Open-domain platform for web-based reinforcement learning agents
World of Bits (WoB) is a platform introduced by Shi et al. (2017) where AI agents learn to complete tasks on the web by performing low-level keyboard and mouse actions—the same interface humans use.
Core Idea
WoB treats the web as an open-domain reinforcement learning environment. At each timestep, an agent receives:
- Pixels — rendered webpage screenshot
- DOM — Document Object Model with element coordinates
- Reward — task completion signal
The agent outputs mouse coordinates and keyboard actions to interact with the webpage.
Why the Web?
Three key benefits make the web an ideal learning platform:
| Benefit | Description |
|---|---|
| Open-domain | Unlimited websites provide diverse tasks and real-world semantics |
| Open-source | HTML/CSS/JS is inspectable and modifiable |
| Data collection | Human demonstrations can be crowdsourced easily |
Unlike robotics, web environments are fully digital—enabling fast iteration and massive scaling.
Interactive Demo
Explore how a WoB agent perceives the DOM and takes actions to complete web tasks:
World of Bits Agent
Web task reinforcement learning
Benchmark Tasks
WoB introduces three task categories of increasing complexity:
MiniWoB
100 hand-crafted web tasks with synthetic pages:
- click-button — click a specific button
- enter-text — type text into an input field
- use-slider — adjust a slider to a target value
- book-flight — complete a multi-step booking form
These tasks feature clean reward functions and controlled complexity.
FormWoB
Real flight booking websites (United, Alaska, etc.) packaged as reproducible environments:
- Live HTTP traffic is cached via man-in-the-middle proxy
- Enables offline training while approximating real web dynamics
- Tests generalization to production websites
QAWoB
Crowdsourced question-answering tasks on live websites:
Examples:
- “What is the population of Paris?” (Wikipedia)
- “Find flights from NYC to LA on Dec 25” (Flight sites)
Workers provide demonstrations of how to answer queries using keyboard and mouse.
Agent Architecture
The baseline WoB agent uses a CNN-LSTM architecture:
Observation → CNN(pixels) + MLP(DOM text) → LSTM → Policy(actions)
Key design choices:
- Multimodal input: combines visual features with semantic DOM information
- Recurrent memory: LSTM tracks state across multiple interaction steps
- Policy output: coordinates for mouse, one-hot for keyboard
Training Approaches
| Method | Description |
|---|---|
| Behavioral Cloning | Supervised learning on human demonstrations |
| REINFORCE | Policy gradient with sparse task rewards |
| Guided RL | Warm-start with BC, then fine-tune with RL |
Behavioral cloning alone achieves reasonable performance but struggles with recovery from errors.
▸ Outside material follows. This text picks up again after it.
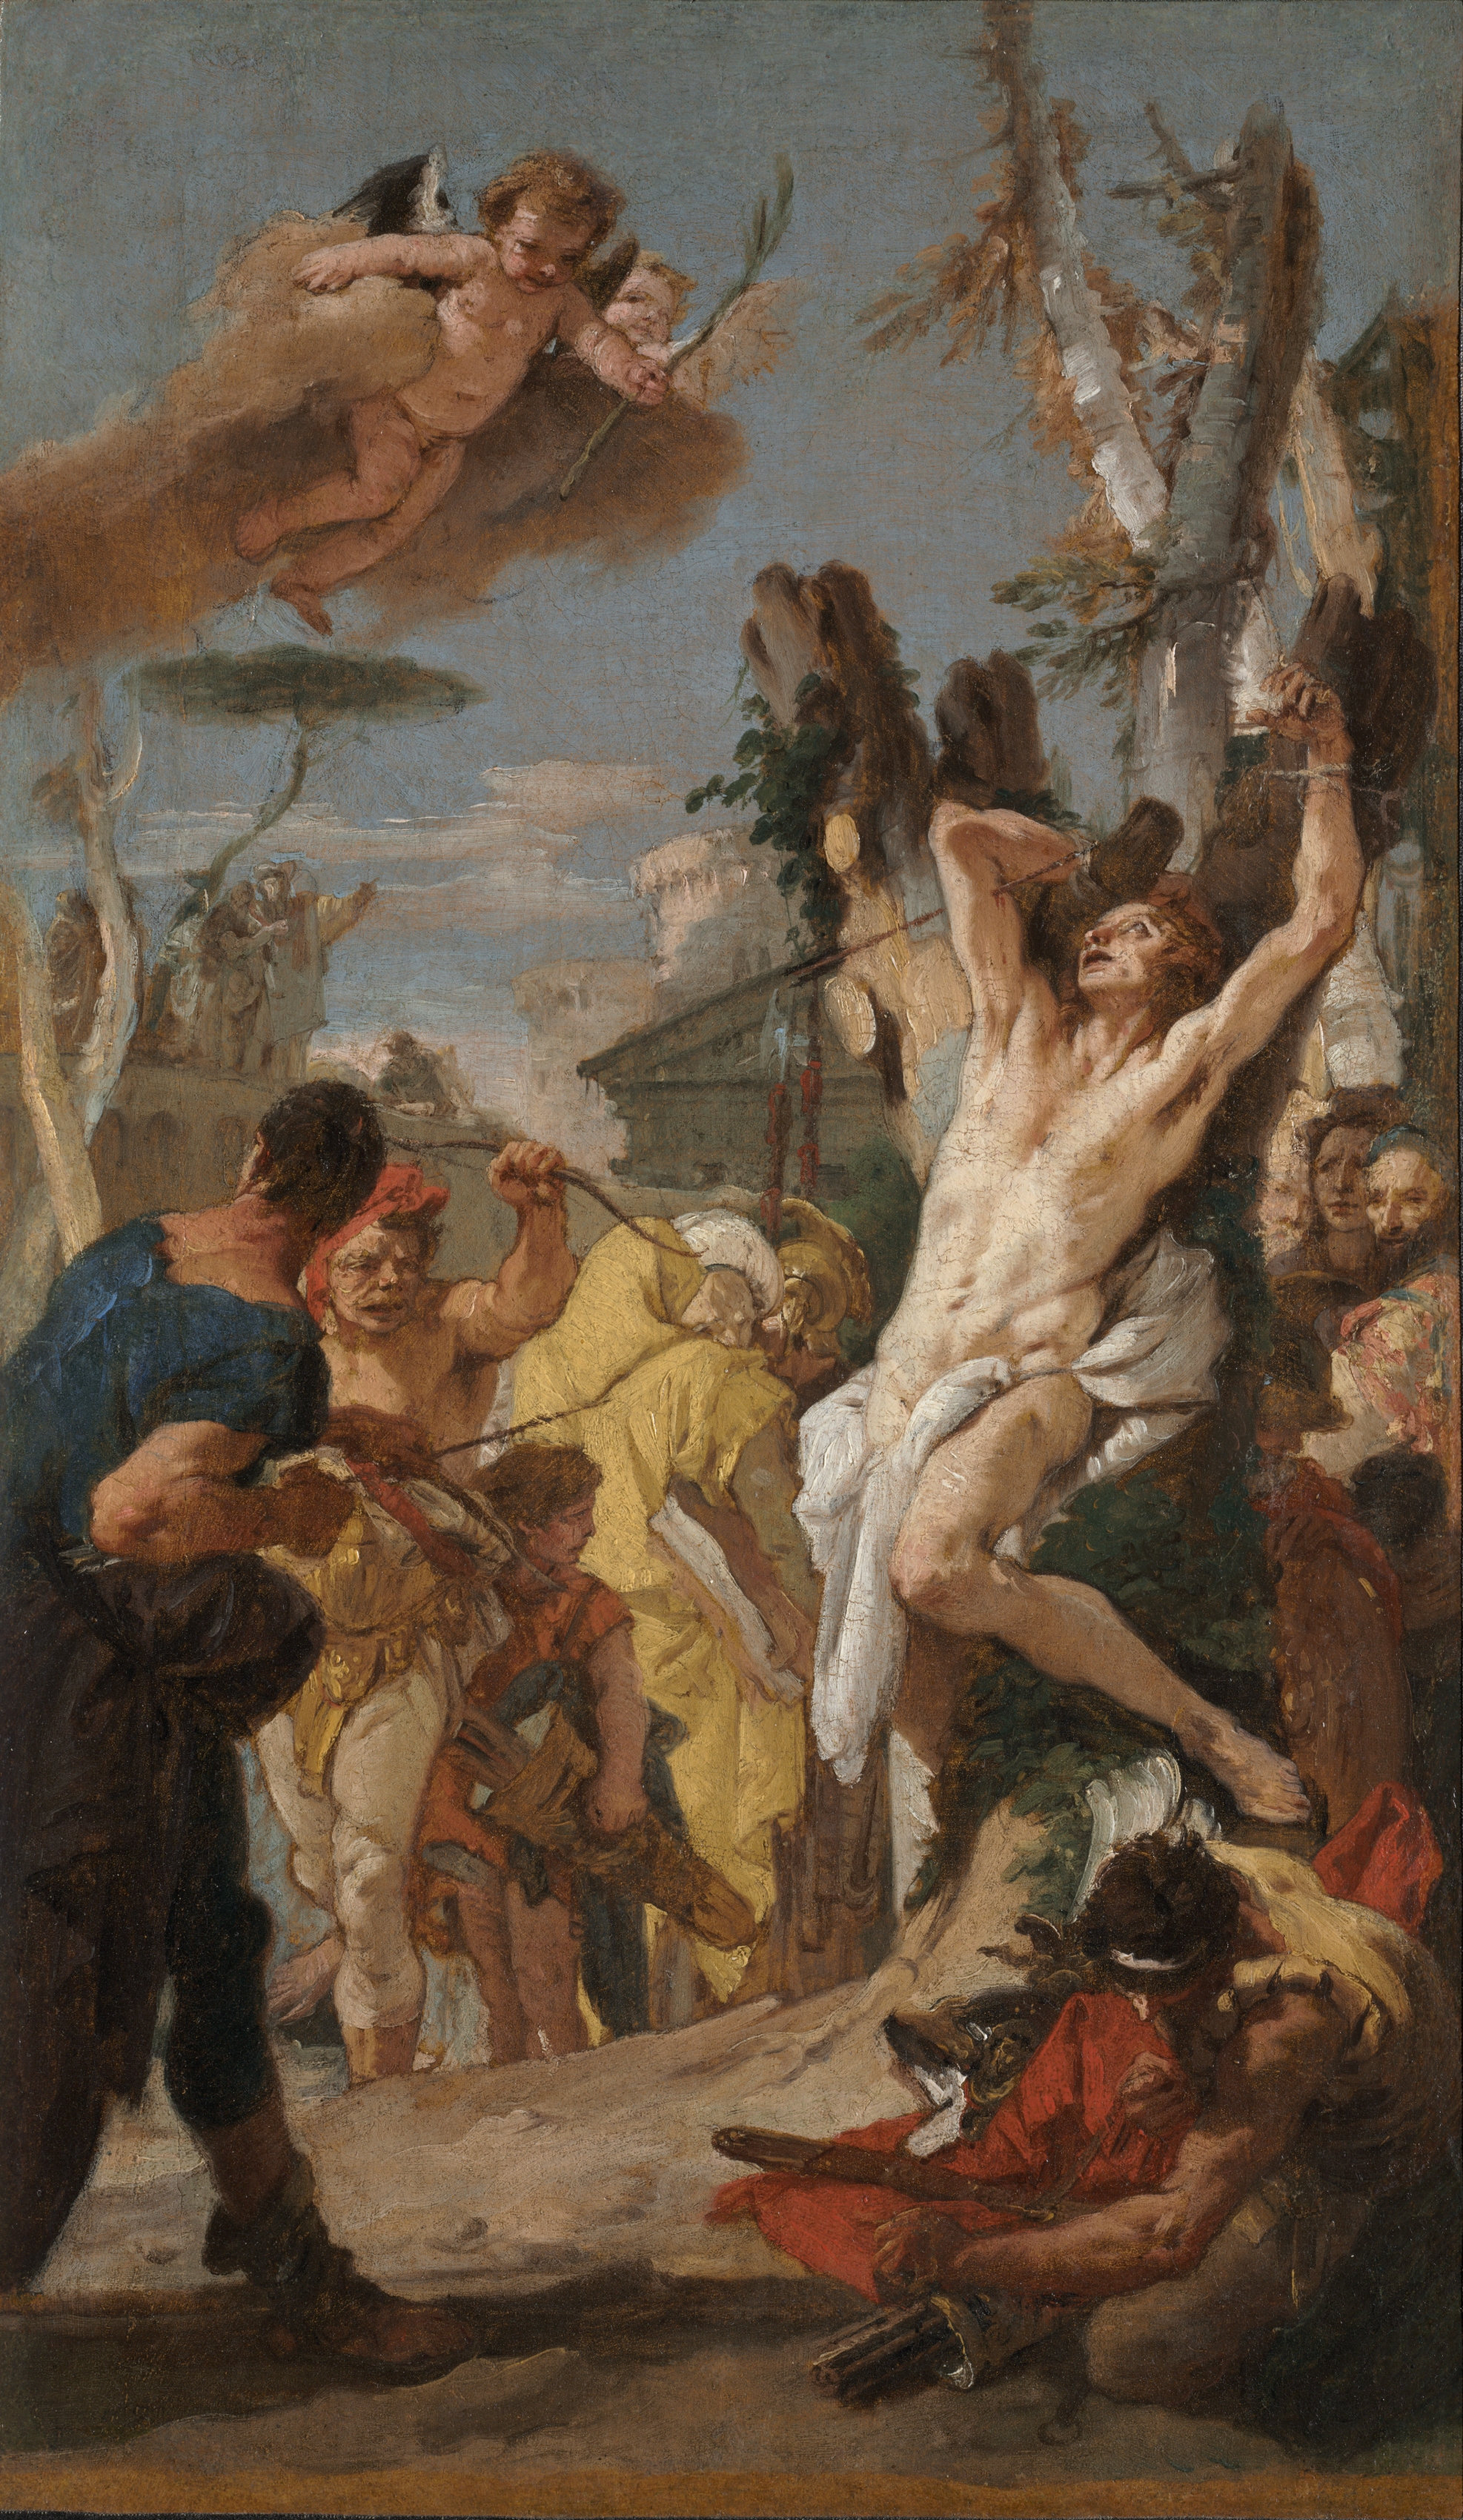 Study for "The Martyrdom of Saint Sebastian" (for the Augustinian monastery at Diessen, Germany)
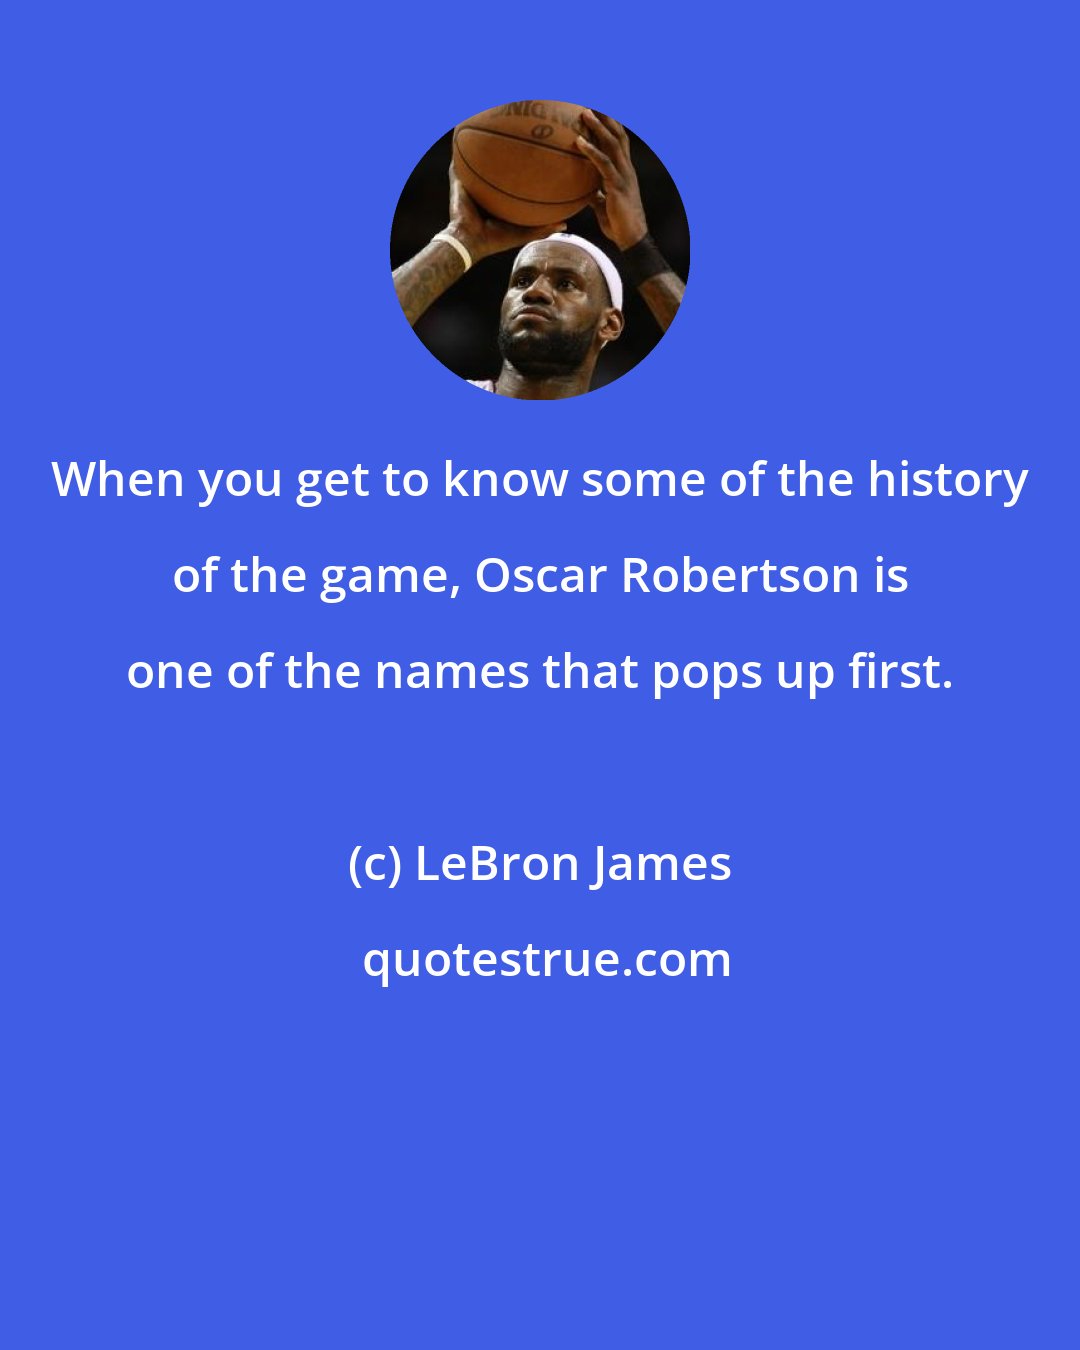 LeBron James: When you get to know some of the history of the game, Oscar Robertson is one of the names that pops up first.

RL enables adaptation but requires reward shaping for complex tasks.
Performance Gap
Even with demonstrations and RL, significant gaps remain:
| Task Type | Agent Success | Human Success |
|---|---|---|
| Simple clicks | ~80% | 100% |
| Multi-step forms | ~40% | 100% |
| Open-domain QA | ~20% | 100% |
This gap motivates continued research on web agents.
Impact & Legacy
WoB pioneered the study of web-based agents and inspired subsequent benchmarks:
- MiniWoB++ — extended tasks with improved reward signals
- WebShop — e-commerce navigation benchmark
- WebArena — realistic web task environment
- Mind2Web — large-scale web agent dataset
Modern LLM-based agents (GPT-4V, Gemini) are now evaluated on these benchmarks.
Key Papers
-
World of Bits — Shi et al., 2017
ICML Paper -
Reinforcement Learning on Web Interfaces Using Workflow-Guided Exploration — Liu et al., 2018
arXiv:1802.08802 -
WebGPT: Browser-assisted question-answering — Nakano et al., 2021
arXiv:2112.09332
Key Insight
By using the web as an environment, WoB bridges the gap between simulated benchmarks and real-world tasks—agents learn from the same rich, semantic content that humans create and interact with daily.